* YOUR ASSIGNMENT
A faithful transcription of all the data, images excluded, is the required answer.

* DATA
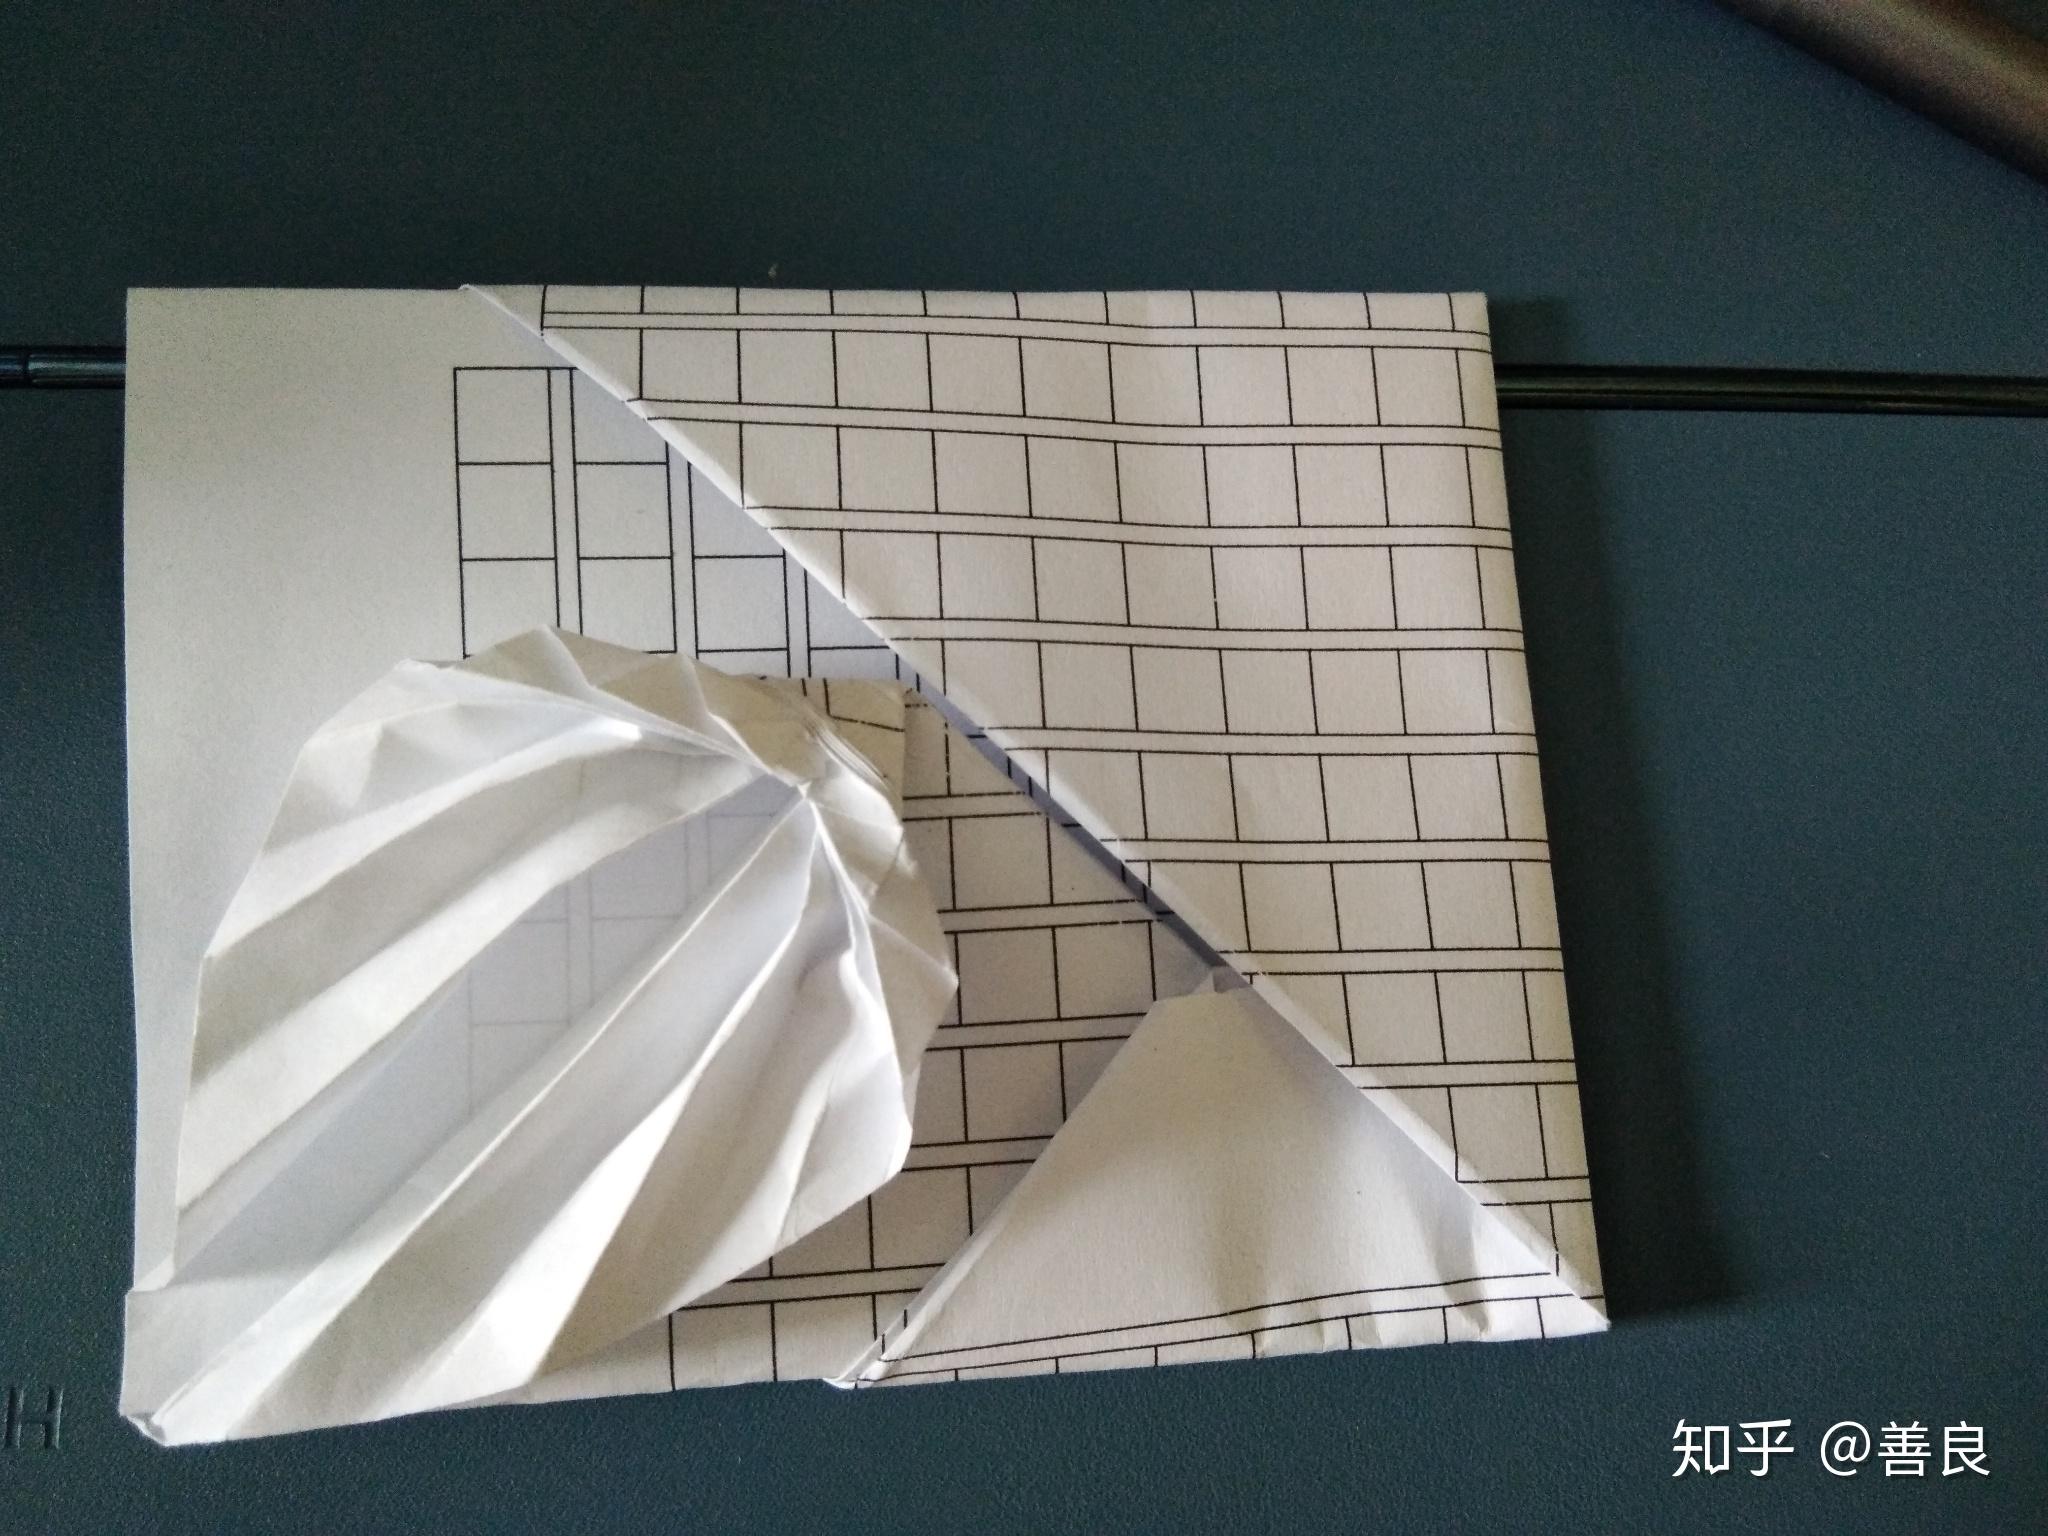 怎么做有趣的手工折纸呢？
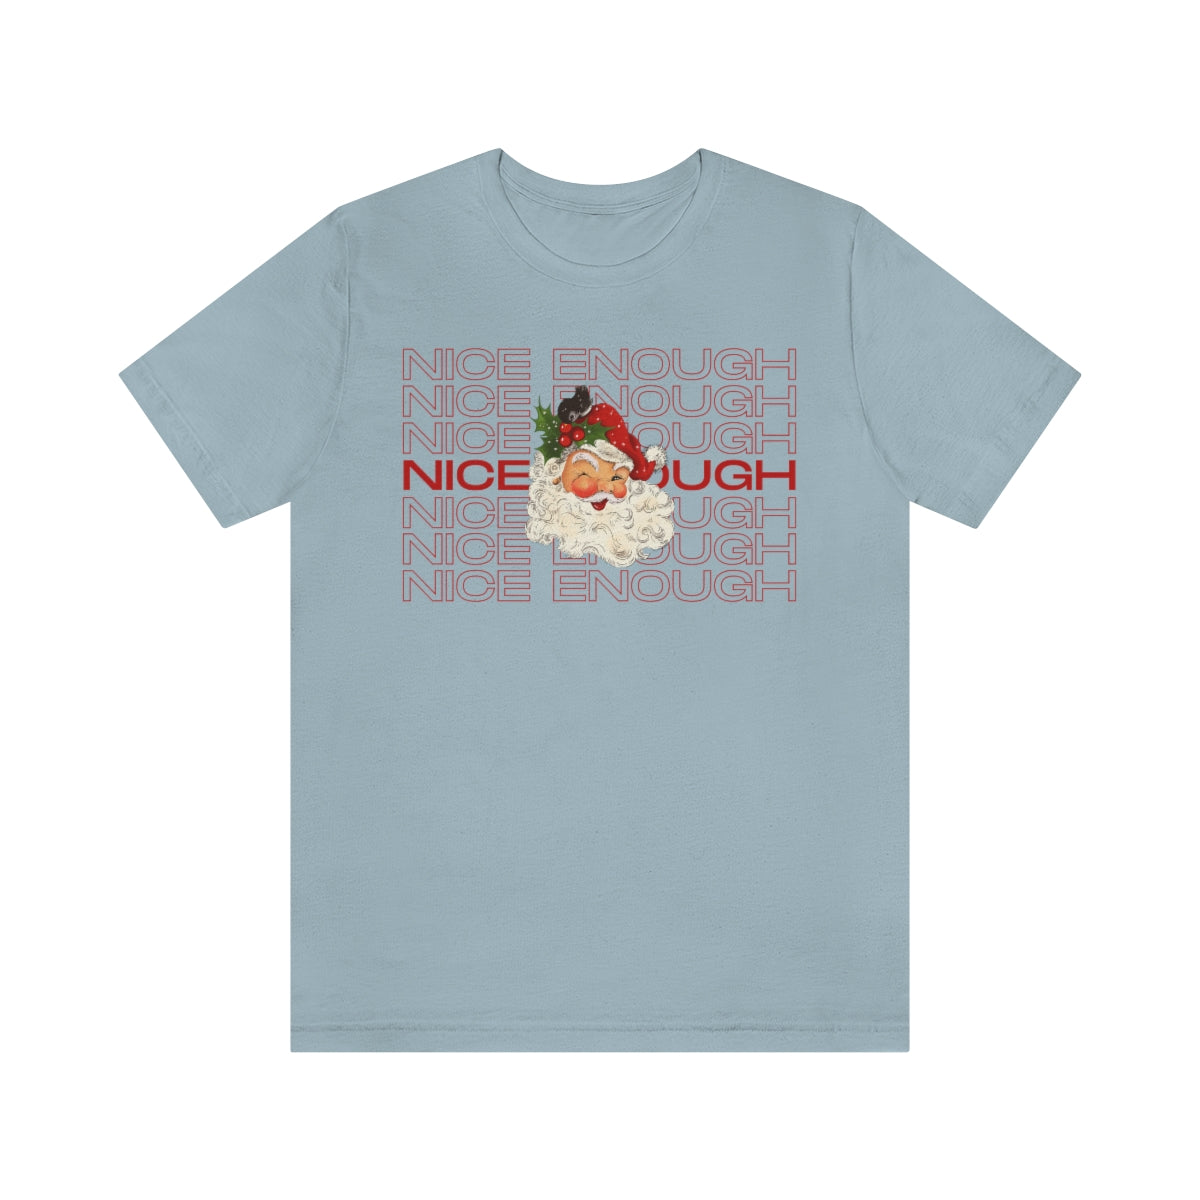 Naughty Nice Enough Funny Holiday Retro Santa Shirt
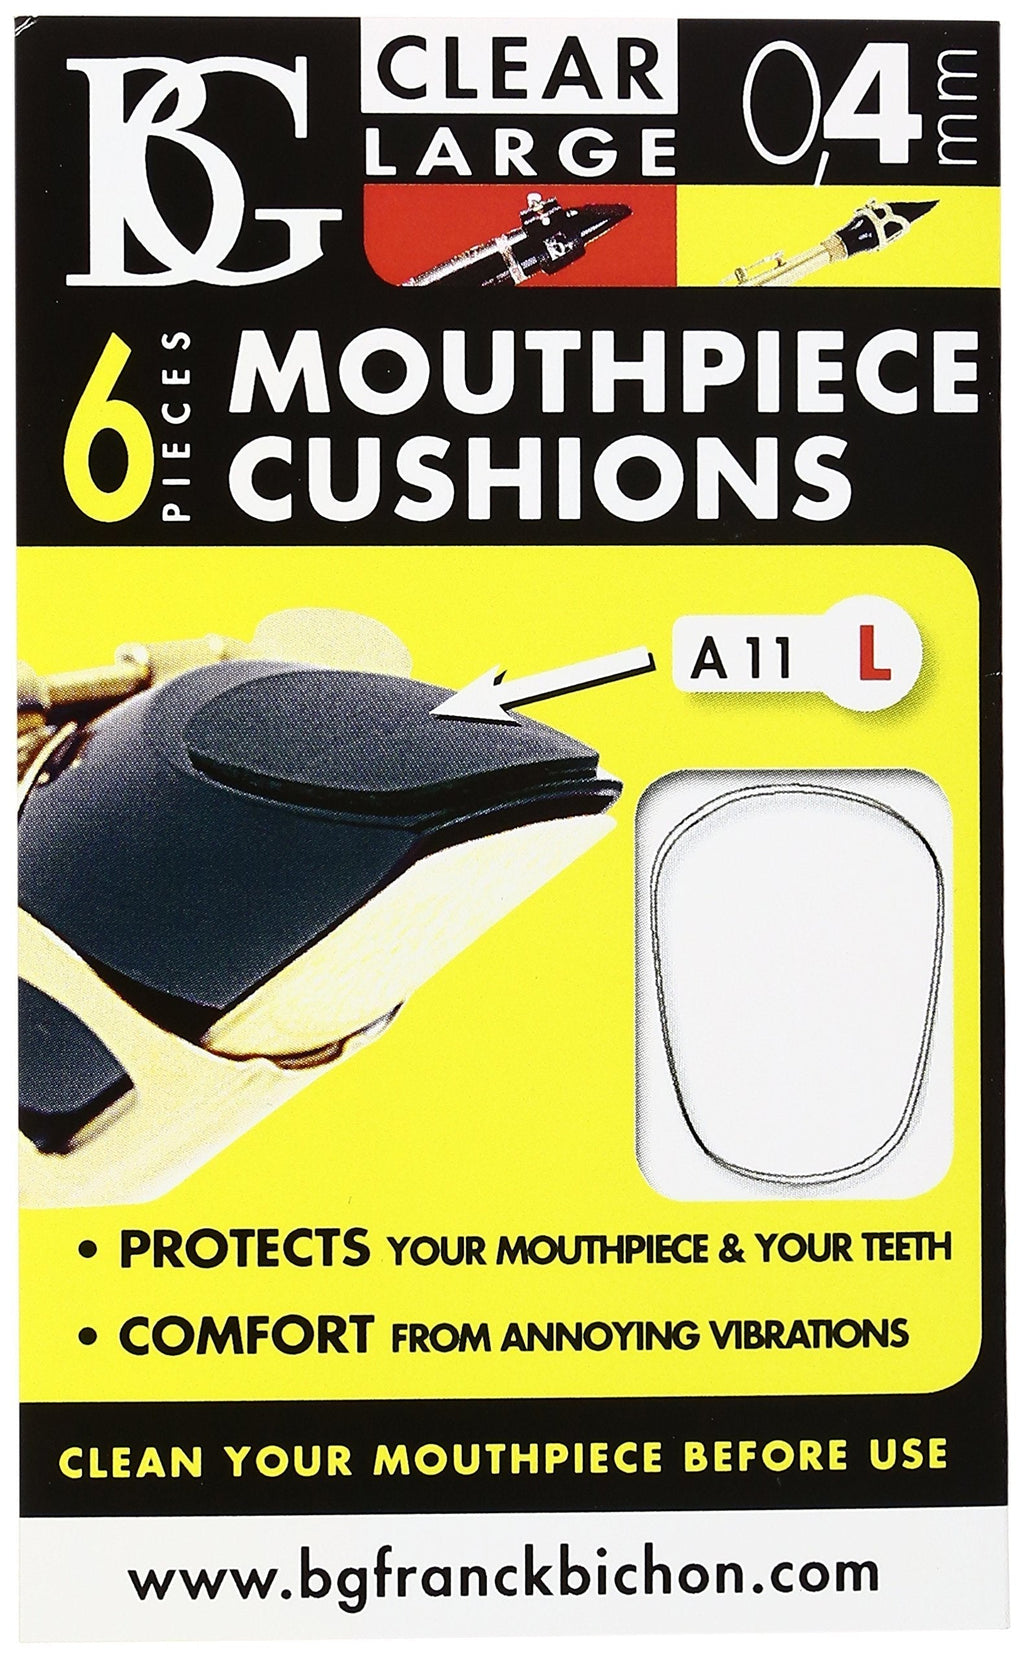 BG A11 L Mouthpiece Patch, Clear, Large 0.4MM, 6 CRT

* ANSWER FOR THE TASK
 怎么做有趣的手工折纸呢？
 Naughty Nice Enough Funny Holiday Retro Santa Shirt
 BG A11 L Mouthpiece Patch, Clear, Large 0.4MM, 6 CRT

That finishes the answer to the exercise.